In the data below, find the line that contains "Turkey Bacon Meatballs Recipe" and the line that contains "Girls pose at". Copy both, plus every line between them, exactly.

--- START ---

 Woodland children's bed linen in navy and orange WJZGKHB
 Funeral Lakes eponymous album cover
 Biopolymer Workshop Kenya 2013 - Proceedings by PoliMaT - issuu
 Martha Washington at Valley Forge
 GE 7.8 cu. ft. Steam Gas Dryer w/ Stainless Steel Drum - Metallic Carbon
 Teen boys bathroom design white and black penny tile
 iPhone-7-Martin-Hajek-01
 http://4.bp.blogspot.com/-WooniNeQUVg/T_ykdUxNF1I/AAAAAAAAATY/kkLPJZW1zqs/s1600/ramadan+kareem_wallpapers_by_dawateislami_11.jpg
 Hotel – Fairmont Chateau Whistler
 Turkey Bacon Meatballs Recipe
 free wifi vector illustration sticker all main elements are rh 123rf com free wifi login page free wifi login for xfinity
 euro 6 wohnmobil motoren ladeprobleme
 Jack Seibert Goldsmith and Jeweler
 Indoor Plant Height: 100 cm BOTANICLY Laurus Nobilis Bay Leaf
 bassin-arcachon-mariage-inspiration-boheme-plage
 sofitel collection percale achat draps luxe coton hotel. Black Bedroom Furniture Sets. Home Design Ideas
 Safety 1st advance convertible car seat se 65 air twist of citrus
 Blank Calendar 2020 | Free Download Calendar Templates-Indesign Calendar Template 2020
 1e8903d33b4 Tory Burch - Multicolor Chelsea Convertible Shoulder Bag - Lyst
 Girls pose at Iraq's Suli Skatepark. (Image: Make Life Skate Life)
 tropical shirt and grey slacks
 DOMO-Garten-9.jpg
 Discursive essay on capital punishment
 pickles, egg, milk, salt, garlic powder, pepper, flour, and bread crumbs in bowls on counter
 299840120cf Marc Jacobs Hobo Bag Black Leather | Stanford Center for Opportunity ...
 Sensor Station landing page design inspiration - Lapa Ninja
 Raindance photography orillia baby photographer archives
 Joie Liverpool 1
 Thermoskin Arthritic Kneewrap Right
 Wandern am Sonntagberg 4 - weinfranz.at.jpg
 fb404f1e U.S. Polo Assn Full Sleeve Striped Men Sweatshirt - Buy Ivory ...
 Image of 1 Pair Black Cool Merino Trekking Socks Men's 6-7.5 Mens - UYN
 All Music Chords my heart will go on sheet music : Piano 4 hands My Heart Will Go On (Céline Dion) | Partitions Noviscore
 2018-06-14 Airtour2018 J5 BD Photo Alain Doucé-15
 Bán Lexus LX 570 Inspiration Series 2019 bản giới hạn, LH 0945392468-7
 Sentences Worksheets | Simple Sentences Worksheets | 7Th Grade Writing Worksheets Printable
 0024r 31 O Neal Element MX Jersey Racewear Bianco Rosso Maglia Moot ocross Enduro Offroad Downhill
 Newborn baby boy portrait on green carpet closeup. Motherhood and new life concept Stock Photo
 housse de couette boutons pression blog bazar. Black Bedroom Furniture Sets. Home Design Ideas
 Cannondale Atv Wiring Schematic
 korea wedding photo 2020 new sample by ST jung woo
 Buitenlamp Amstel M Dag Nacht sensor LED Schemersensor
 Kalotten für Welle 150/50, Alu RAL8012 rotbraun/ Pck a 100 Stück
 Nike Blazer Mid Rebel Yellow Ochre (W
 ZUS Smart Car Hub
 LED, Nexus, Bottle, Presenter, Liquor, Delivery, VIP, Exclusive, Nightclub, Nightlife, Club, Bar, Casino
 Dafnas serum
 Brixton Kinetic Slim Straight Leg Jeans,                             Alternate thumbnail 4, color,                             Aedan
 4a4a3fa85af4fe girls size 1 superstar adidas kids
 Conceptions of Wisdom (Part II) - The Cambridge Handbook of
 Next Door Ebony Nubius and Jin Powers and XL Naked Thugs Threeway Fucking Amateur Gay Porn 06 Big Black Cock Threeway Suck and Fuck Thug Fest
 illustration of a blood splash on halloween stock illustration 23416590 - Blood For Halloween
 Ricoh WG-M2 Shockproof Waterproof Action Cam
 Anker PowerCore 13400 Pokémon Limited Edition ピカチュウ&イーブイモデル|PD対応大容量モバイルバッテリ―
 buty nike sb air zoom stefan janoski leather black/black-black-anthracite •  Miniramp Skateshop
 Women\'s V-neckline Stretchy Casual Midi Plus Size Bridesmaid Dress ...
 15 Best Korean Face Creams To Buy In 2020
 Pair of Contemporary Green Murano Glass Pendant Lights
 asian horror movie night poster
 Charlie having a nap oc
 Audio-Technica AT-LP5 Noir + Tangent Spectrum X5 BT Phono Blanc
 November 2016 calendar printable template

--- END ---

| Answer to this task |
 Turkey Bacon Meatballs Recipe
 free wifi vector illustration sticker all main elements are rh 123rf com free wifi login page free wifi login for xfinity
 euro 6 wohnmobil motoren ladeprobleme
 Jack Seibert Goldsmith and Jeweler
 Indoor Plant Height: 100 cm BOTANICLY Laurus Nobilis Bay Leaf
 bassin-arcachon-mariage-inspiration-boheme-plage
 sofitel collection percale achat draps luxe coton hotel. Black Bedroom Furniture Sets. Home Design Ideas
 Safety 1st advance convertible car seat se 65 air twist of citrus
 Blank Calendar 2020 | Free Download Calendar Templates-Indesign Calendar Template 2020
 1e8903d33b4 Tory Burch - Multicolor Chelsea Convertible Shoulder Bag - Lyst
 Girls pose at Iraq's Suli Skatepark. (Image: Make Life Skate Life)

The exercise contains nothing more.